Early in October 2008, 90% of the Icelandic financial system collapsed, leaving the nation shocked and bewildered. The government coalition at the time – social democrats led by the Independence party (c) – took some sensible measures and i.a. called in the International Monetary Fund, IMF. Yet, the coalition could not withstand the turmoil, in society and politics, and by February 2009 it had resigned, replaced by a left coalition with the Left Green party, never before in government, led by the social democrats.
By summer 2011, less than three years after this national cataclysm, Iceland was back to 2% growth. Nothing like the growth before the collapse but still growth, enviable in a European context.
The unemployment had spiked by that time, never went above the forecasted 10%. Still, shocking in Icelandic context though again benign compared to other crisis-hit European countries.
At the time of the next election, in spring 2013, the economy was doing well,unemployment clearly falling, household debt falling and the two most important industries, fishing and tourism, doing well. Yet, the government that turned the economy around lost (yes, for many reasons such as vicious infighting and, what simply seemed a lack of will to live… another saga).
Now, things are going even better, finally with a plan to lift the capital controls (execution remains to be seen) and many even talk of/fear a brewing boom in Iceland.
And what do the voters say? Aren’t they happily embracing the government that has brought the economy onwards and upwards? No, actually not. Nor is there any nostalgia for the old left government, these two parties are doing badly as are the two parties in government.
Instead, the voters have cast their love, at least in polls, on the Pirate party, which has never been in government and only just made it above the 5% hurdle, needed to get elected, in the 2013 election. In an early September poll, the Pirates scored an incredible 35.9%.

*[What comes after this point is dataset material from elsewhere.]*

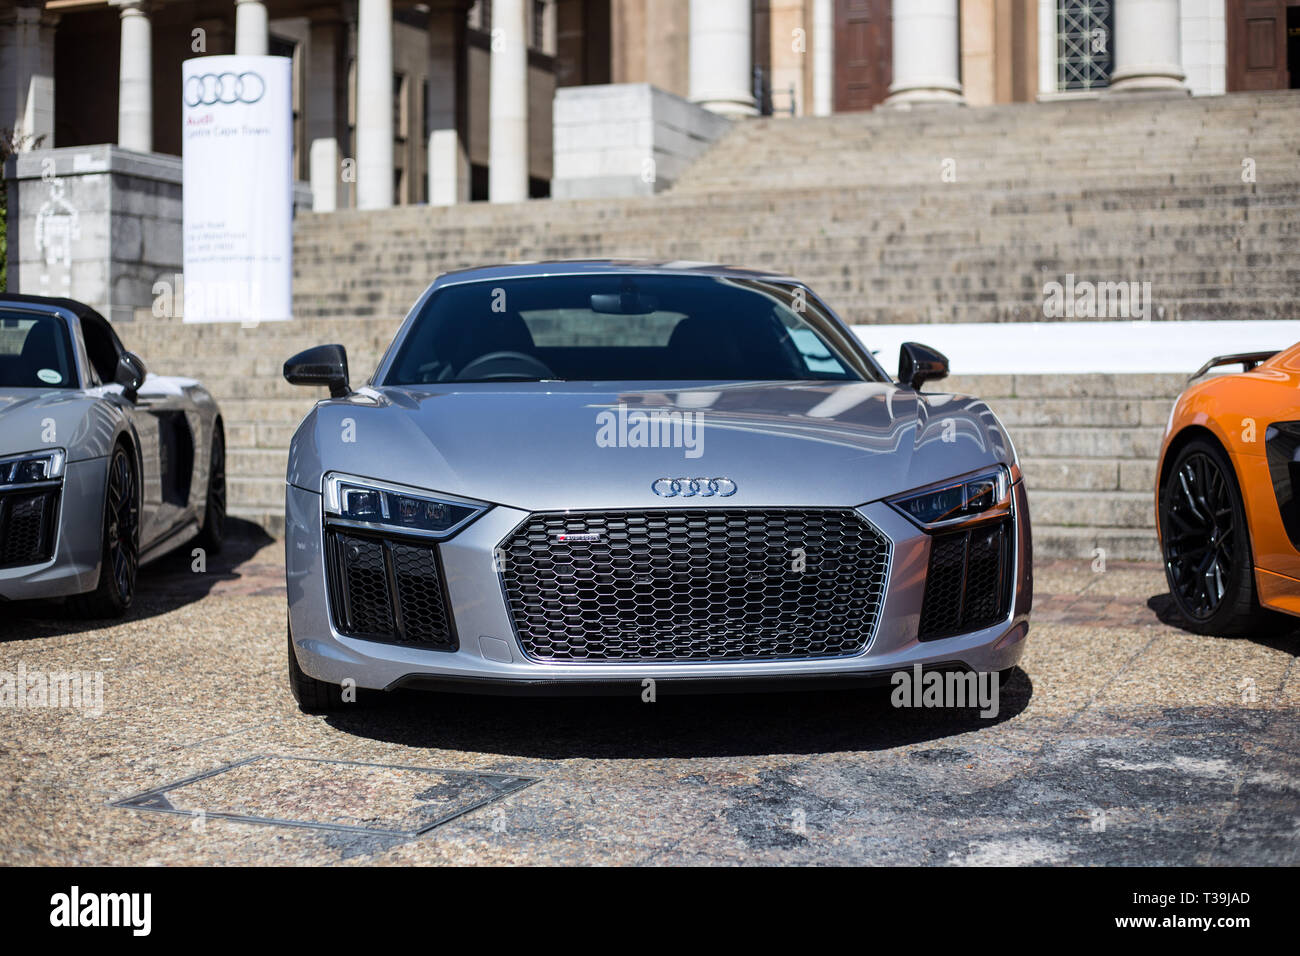 Cape Town, South Africa. 3 April 2019. A silver Audi r8 sports car. Stock Photo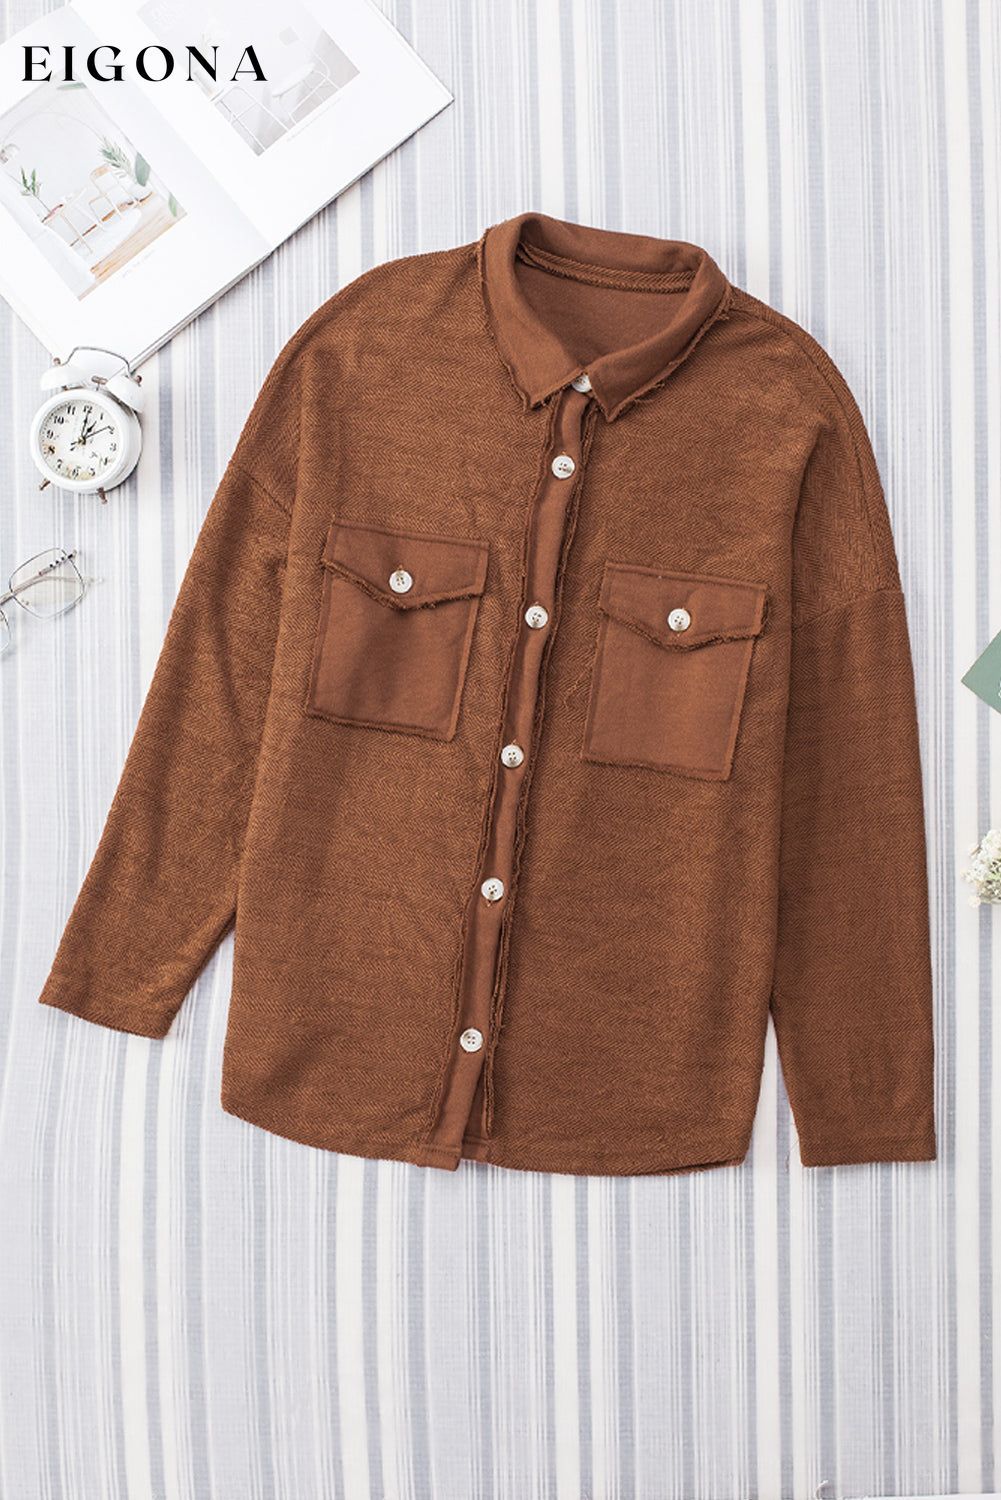 Brown Contrast Flap Pockets Relaxed Shacket All In Stock Best Sellers Category Shacket clothes DL Chic DL Exclusive Hot picks jacket long sleeve shirts Occasion Daily Print Solid Color Season Winter shirt shirts Style Casual

In the olden days it was said that when a man traveled by a carriage the soul would lag behind as it could not keep up with the speed of the fast-moving carriage. This seems to apply to the national mood in Iceland: the economy is growing, even close to booming but the soul of the Icelanders has far from caught up – unless the Icelandic soul is simply yearning for an elusive something else not caught by the politics on offer from the other parties.